Osmotic Components and Properties Associated With Genotypic Differences in Osmoregulation in Wheat

JM Morgan

Australian Journal of Plant Physiology 19(1) 67 - 76
Published: 1992

Abstract

Solutes contributing to genotypic differences in osmoregulation in water-stressed wheat plants were investigated using samples of sap from expanded flag leaves of breeding lines with high and low osmoregulation. The sap samples were collected from leaves using a hand press after freezing and thawing. The leaves were sampled during a period of increasing stress created by withholding water from breeding lines growing in potting mix in the glasshouse. Measurements of potassium, free amino acids, proline, glucose, sucrose and fructose, as well as conductivity and refractive index, were made on the sap. The osmotic potential of the same sap samples was determined with a thermocouple psychrometer both before and after these measurements were made. Separate determinations of osmotic potential were also made on sections of frozen and thawed tissue from the same leaves used for sap samples, but without expressing the sap.
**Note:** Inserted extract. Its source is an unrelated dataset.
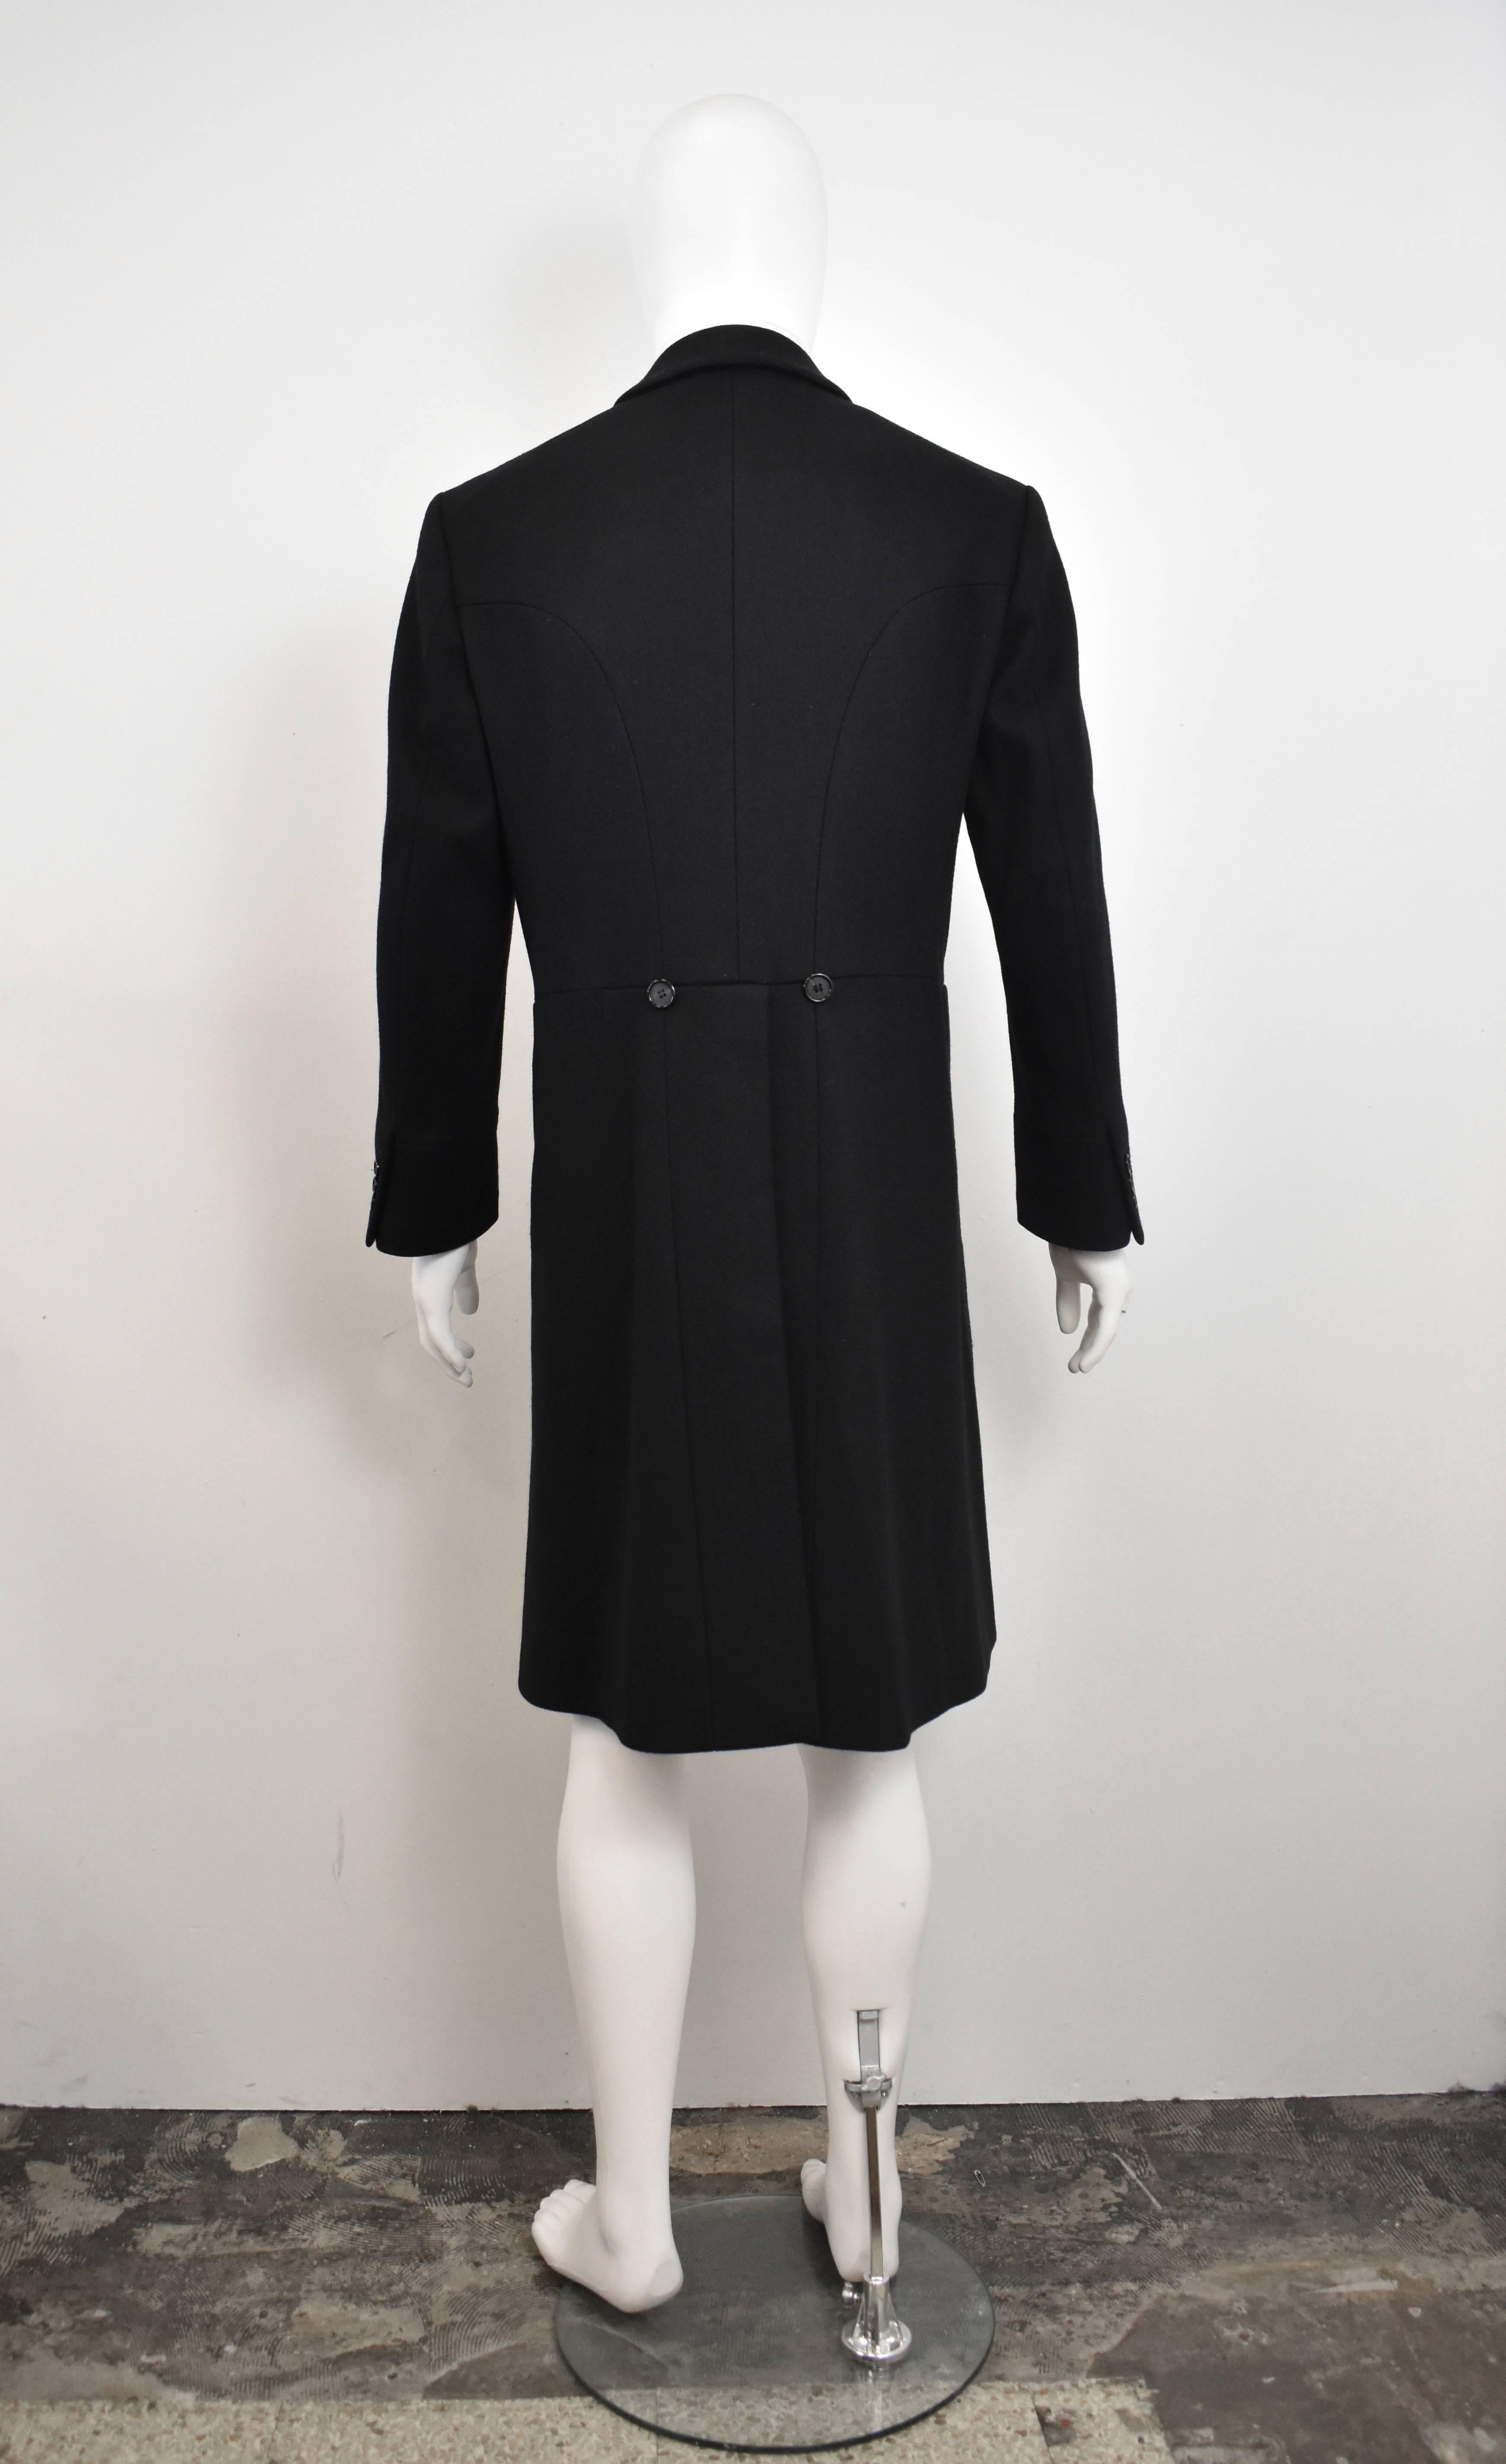 Men's Alexander McQueen Black Wool Double Breasted Coat with Long Vents
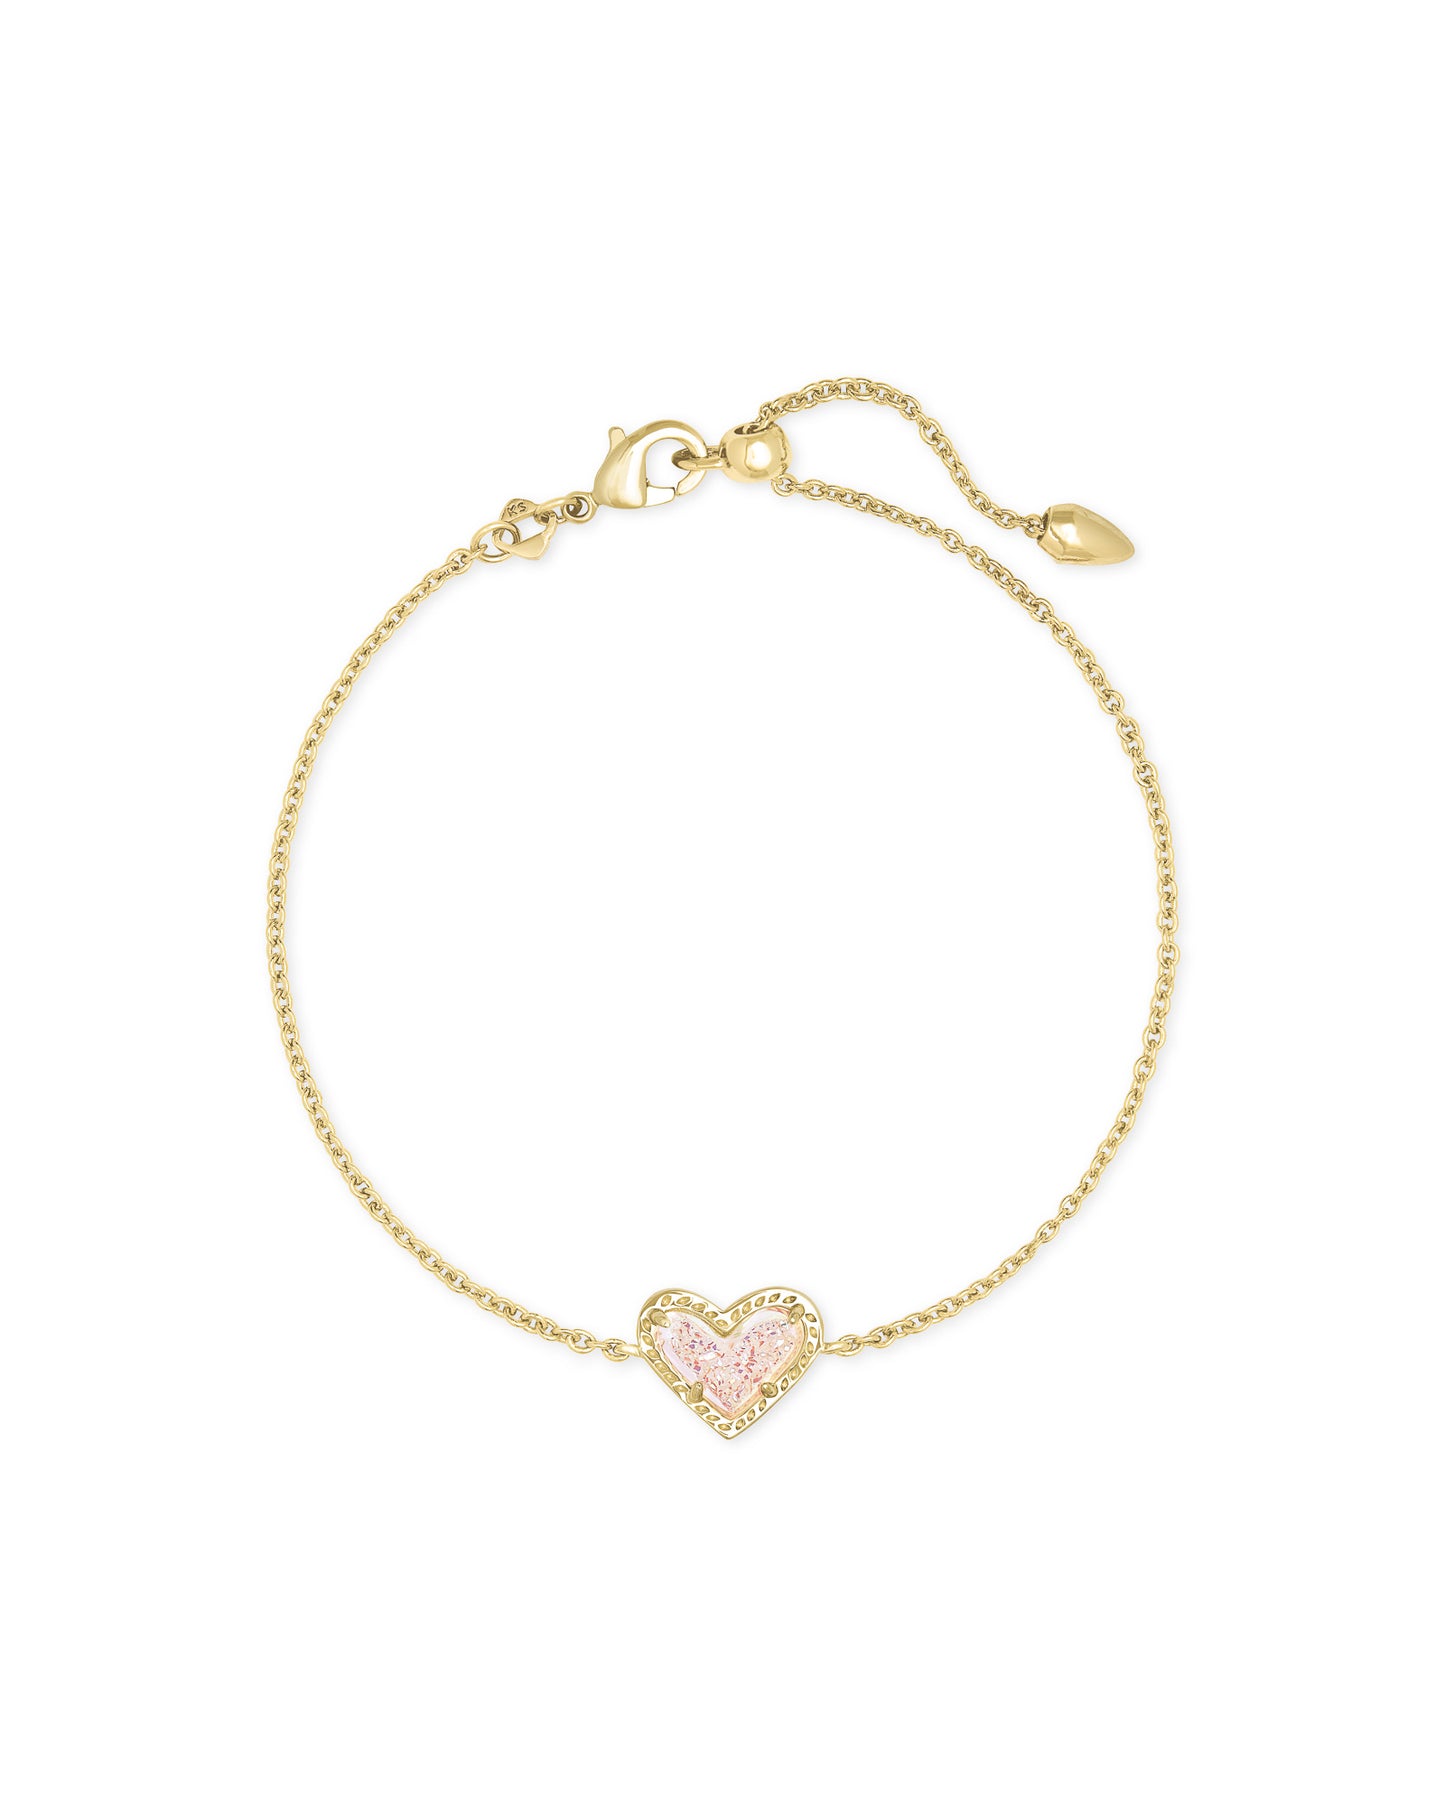 Kendra Scott Ari Heart Delicate Chain Bracelet - Gold Iridescent Drusy

The level of osmoregulation was expressed as the solute accumulation between full and zero turgor. The lines showed either very low (0.18 MPa) or very high (1.35 MPa) levels of solute accumulation. These levels were similar to a single gene effect observed in other lines. High osmoregulation was largely (78%) due to potassium accumulation, with amino acids the only other important contributor (22%). No sugar accumulation was found. The osmotic potential due to the solutes potassium, amino acids and sugars accounted for, on average, 90% of the sap osmotic potential measured with a thermocouple psychrometer. The major components were potassium (42-53%) and amino acids (35-43%). In high lines, increases in the proportion of potassium with increased stress were associated with changes in the relationship between sap osmotic potential and either tissue osmotic potential or that derived from the component solutes. The various methods of measuring osmotic potential and effects on the calculation of solute accumulation are discussed.